Помещение подвала оказалось сухим и теплым, с белыми стенами, из углов не тянуло могильным холодом, словно в заколдованном замке, как могло бы показаться, спускаясь по экзотической лестнице. Сразу же в глаза бросились громоздкий двухмануальный электроорган и навороченная ударная установка с многочисленными тарелками и барабанами.
– Ух ты! – в восторге воскликнул я. – Ну у тебя и «кухня» – просто загляденье!
– По правде говоря «кухня» не моя, у меня просто таких денег нет, это все собственность Конрада, как и всего остального, включая наш главный инструмент орган «Хэммонд», кстати, это единственный экземпляр в Риге – предмет зависти коллег. У нас весь «аппарат» фирменный – семья Конрада на его приобретение деньги явно не жалеет, верит, что мы раскрутимся.
Там, кстати, кроме пары-тройки гитар стояли горкой и другие клавишные – я приметил немецкий «Хонер-клавинет» и даже американский синтезатор «Муг». Да, что ни говори, Walküre была «упакована» что надо! – профессионалы моего времени могли позавидовать.
– Здесь звукоизоляция превосходная – стены все метровые, – продолжал нахваливать «точку» Катковский, – можно репетировать с утра до ночи до полной усрачки – все равно никто не услышит.

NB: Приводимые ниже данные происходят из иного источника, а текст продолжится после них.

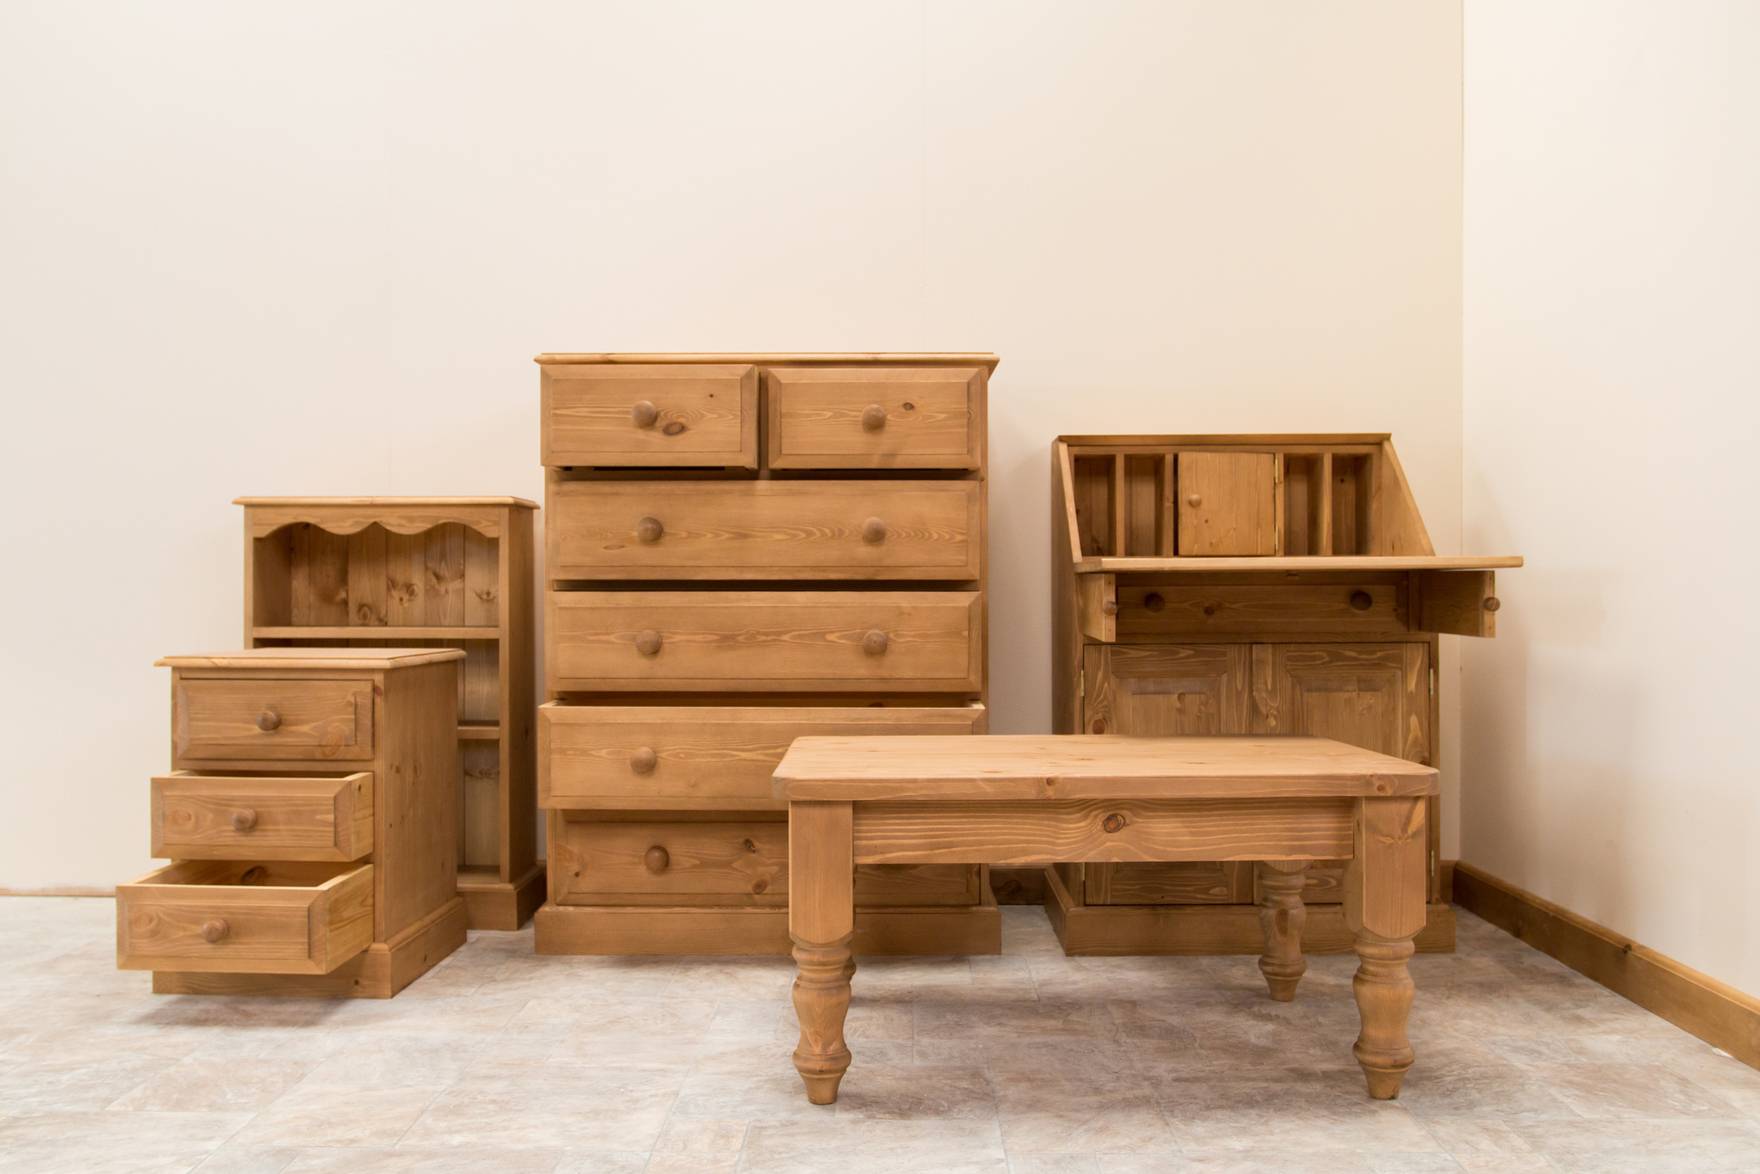 Мебель из натурального дерева своими руками для дома и сада: инструкции по изготовлению | file-don.ru

Катковский уселся за барабаны, это была ударная установка Sonor, родом из Германии. Он выхватил откуда-то палочки, начав неспешно и ритмично постукивать по своей «кухне». Каждый новый брейк оказывался быстрее и изобретательнее предыдущего, они сменяли друг дружку с нарастающей скоростью, все больше и больше инструментов включалось в игру, наконец, натруженно заухала бас-бочка, и все соло завершилось непродолжительным, но эффектным крещендо на тарелках. Не больше двух минут продолжалось барабанное соло, но впечатление было ошеломляющим.
У меня в ушах еще слышались звуки меди, а Катковский уже стоял передо мной. И без барабанных палочек.
– Э-э-х, – сокрушенно выдохнул он, – не дают мне разгуляться товарищи по группе, всю дорогу твердят – тише, тише, мягче играй… считают меня чересчур громким и агрессивным барабанщиком.
Никто и никогда не учил Катковского барабанному искусству. Он был самоучкой – снимал на слух соло своих любимых музыкантов, записанных на магнитофон… Ему не было еще и пяти, когда в нем проснулся талант барабанщика: однажды ни с того ни с сего начал стучать по жестяным банкам из-под круп – за неимением деревянных палочек в ход пошли карандаши. Банки он, само собой, испортил, оставив на них вмятины, сломанные карандаши тоже пришлось выбросить. Занятие ему так понравилось, что, несмотря на взыскание от матери, он стал стучать по всей кухонной утвари – в ход шли кастрюли, сковородки, тарелки, блюдца, чашки и даже дуршлаг. Разнообразие звуков его зачаровывало… В первом классе, смирившись со странным увлечением сына, мама подарила ему малый барабан, и что тут началось! Он играл с утра до ночи, выводя из себя соседей по дому. Полной ударной установки – собственной – у него никогда не было, всегда пользовался чужими, играл где придется и с кем придется. Как правило, все «инструменты» были никуда не годными ржавыми развалюхами, но он все равно играл, оттачивая мастерство, мечтая стать профессиональным барабанщиком с уникальным стилем исполнения. Устроившись на работу в Оперу, познакомился с Конрадом, который как раз набирал состав для будущей рок-группы и искал барабанщика (у себя в консерватории подходящей кандидатуры не нашел) – вот тут фортуна и улыбнулась Катковскому.